• [Task requirements]: Print the listing below exactly, images excluded.

• [Provided material]:
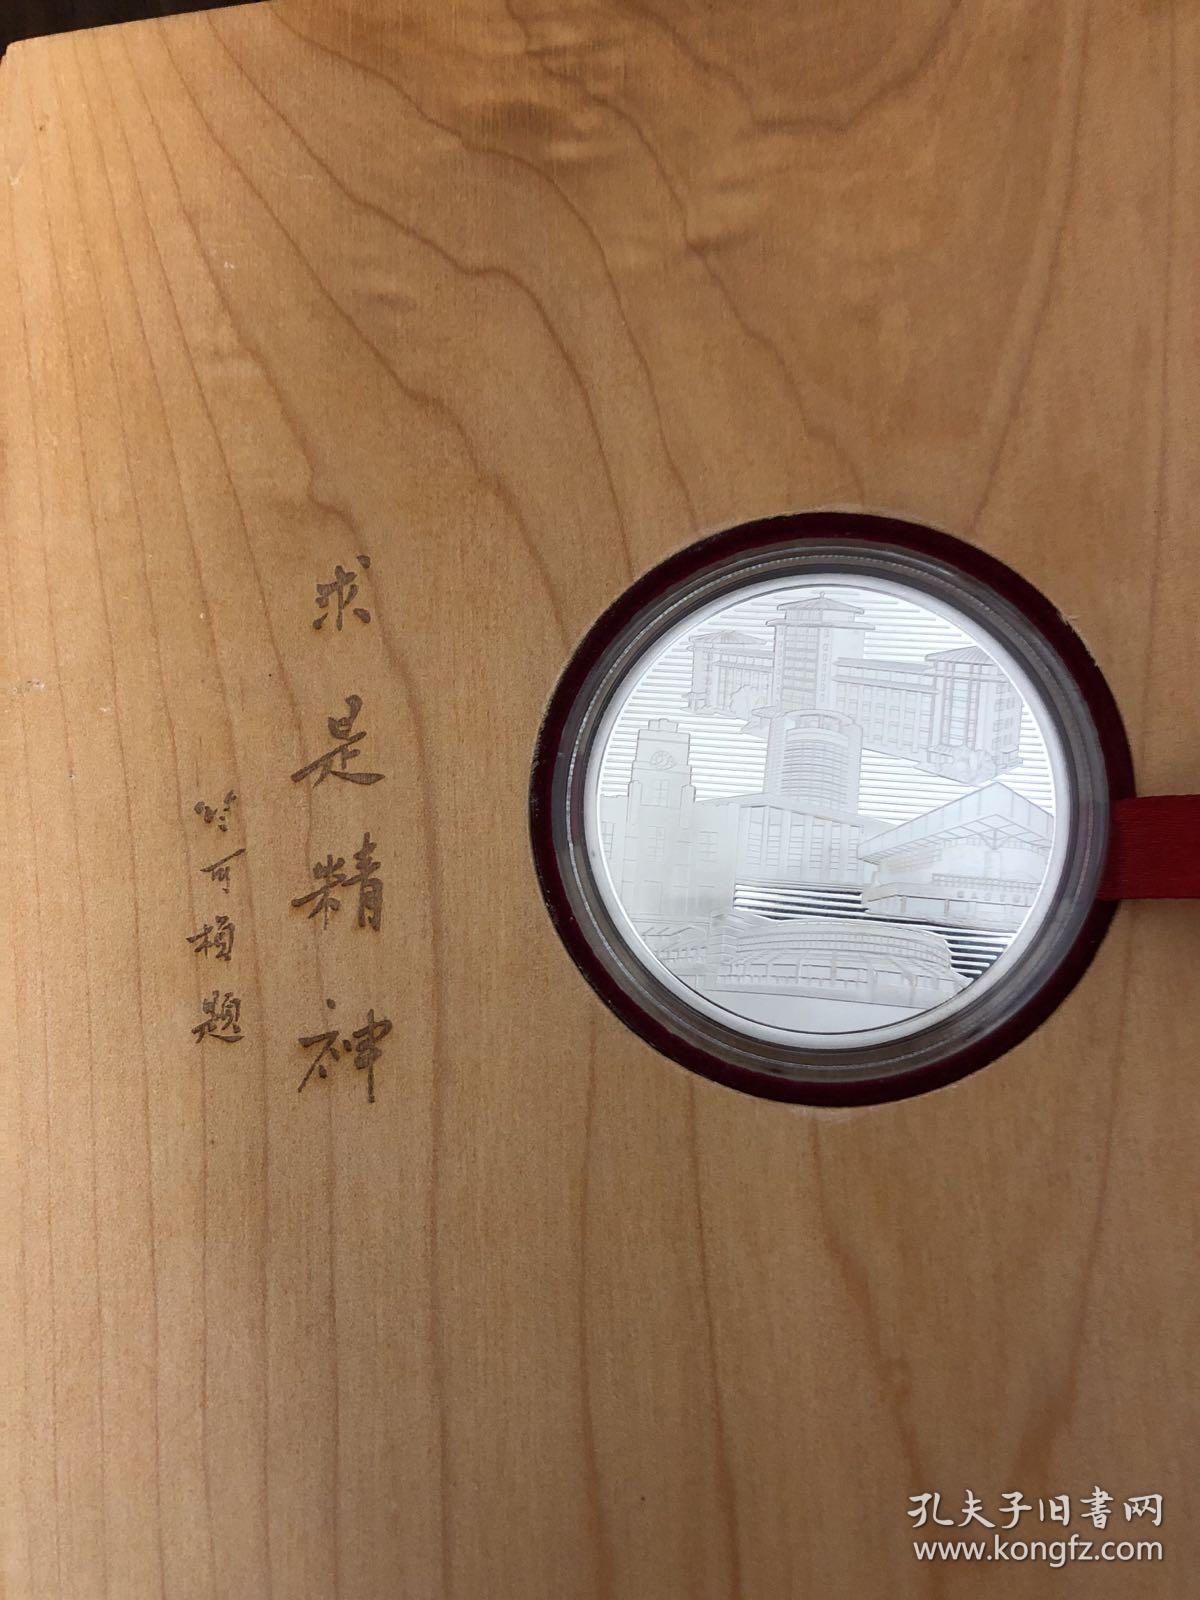 2013浙江大学退休纪念银质纪念章一枚 原木盒设计的高档大气
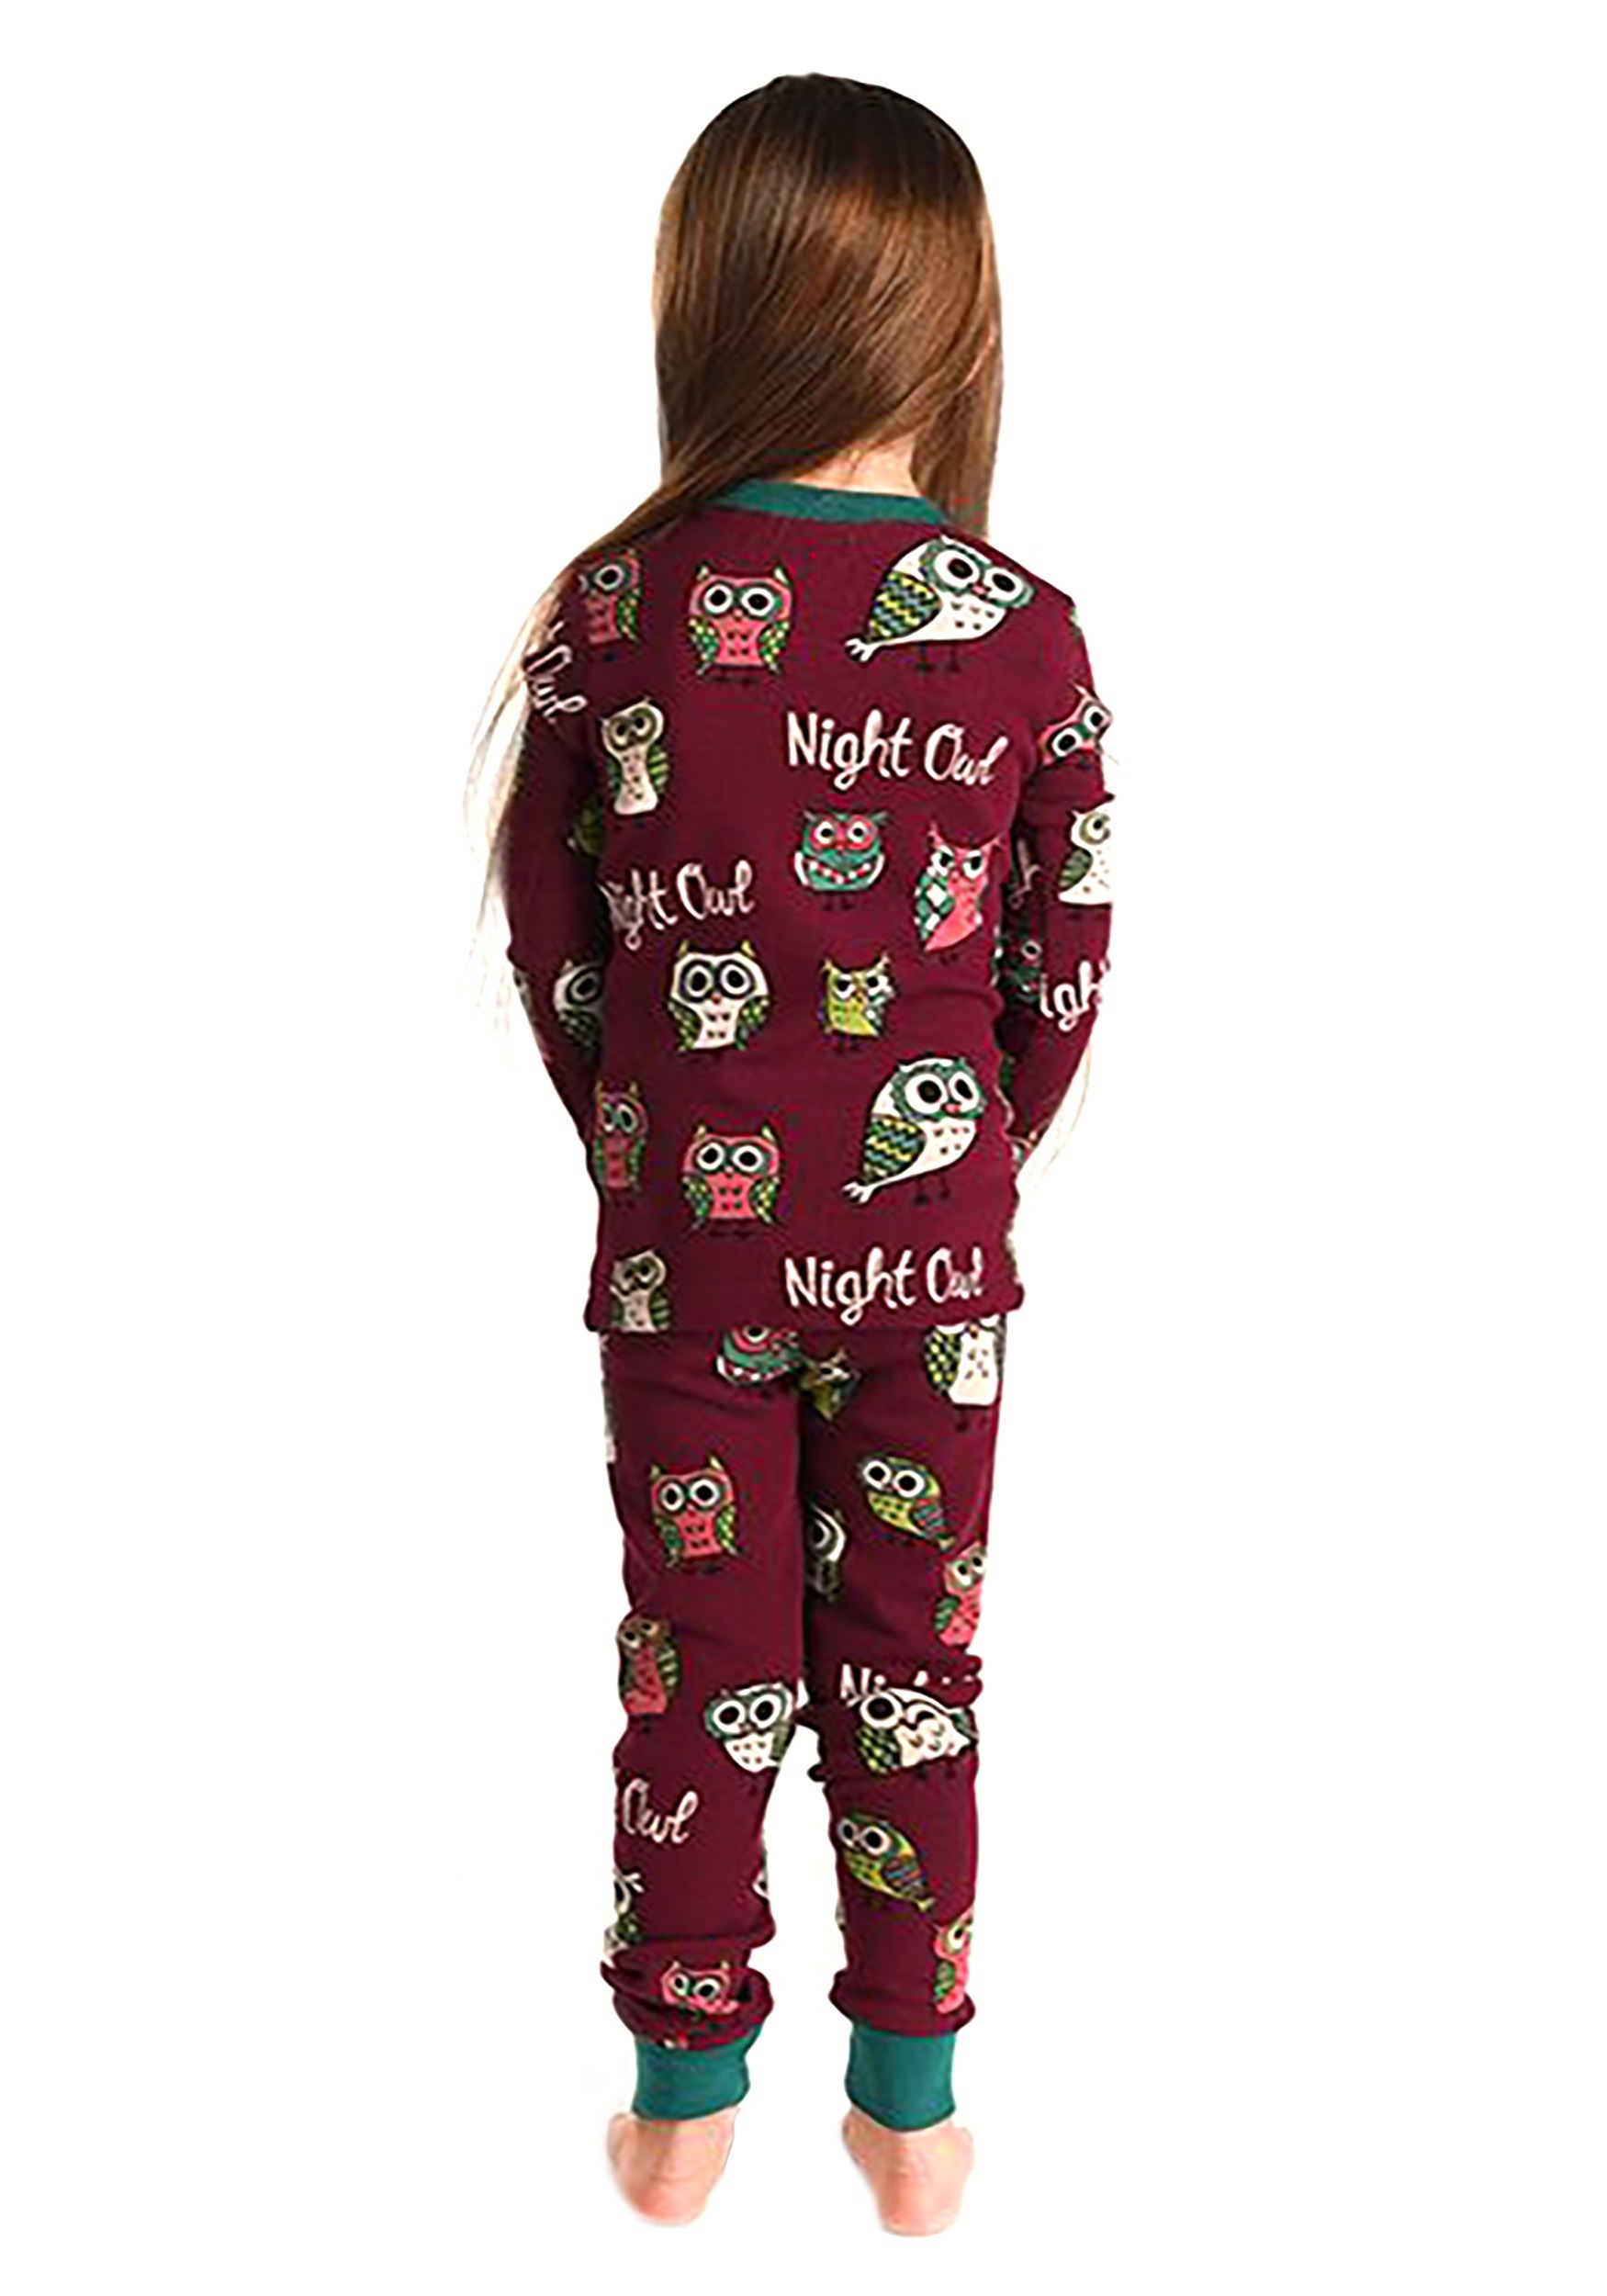 6 Fun Soft Animal Pajamas Im Owl Yours Kids Long Sleeve Pajama Sets by LazyOne 
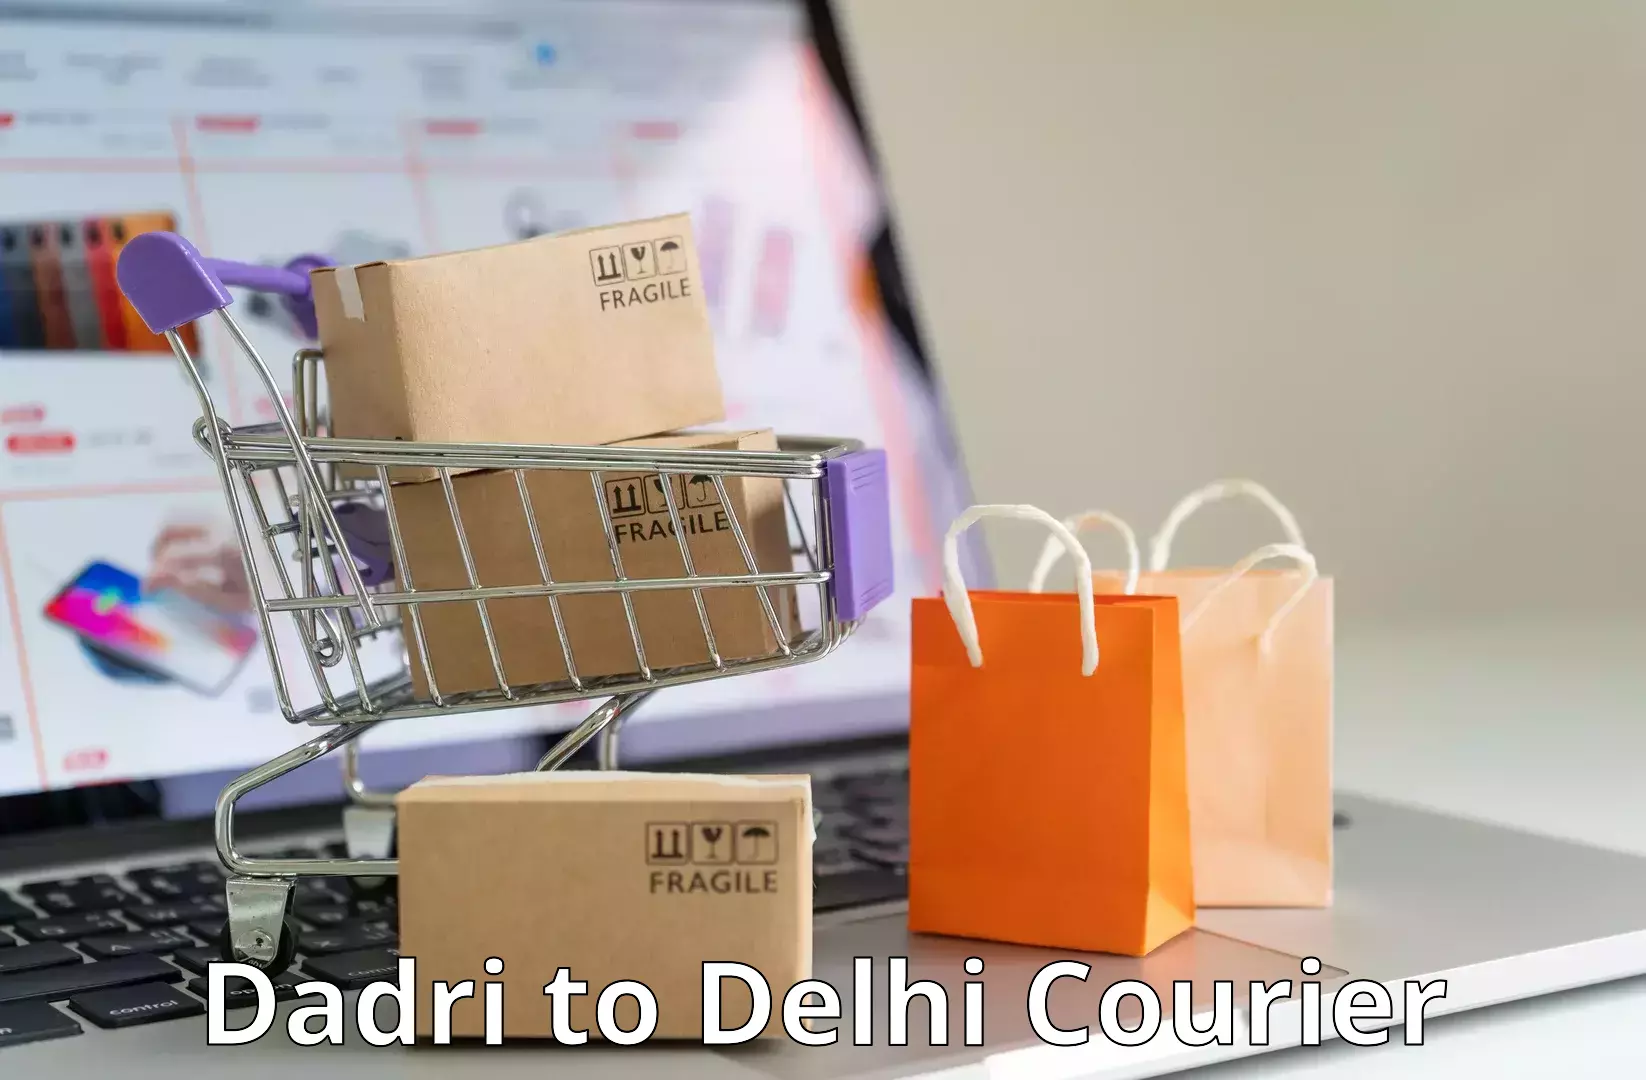 Urban courier service Dadri to Jamia Millia Islamia New Delhi

• [Completed exercise]:
 2013浙江大学退休纪念银质纪念章一枚 原木盒设计的高档大气
 6 Fun Soft Animal Pajamas Im Owl Yours Kids Long Sleeve Pajama Sets by LazyOne 
 Urban courier service Dadri to Jamia Millia Islamia New Delhi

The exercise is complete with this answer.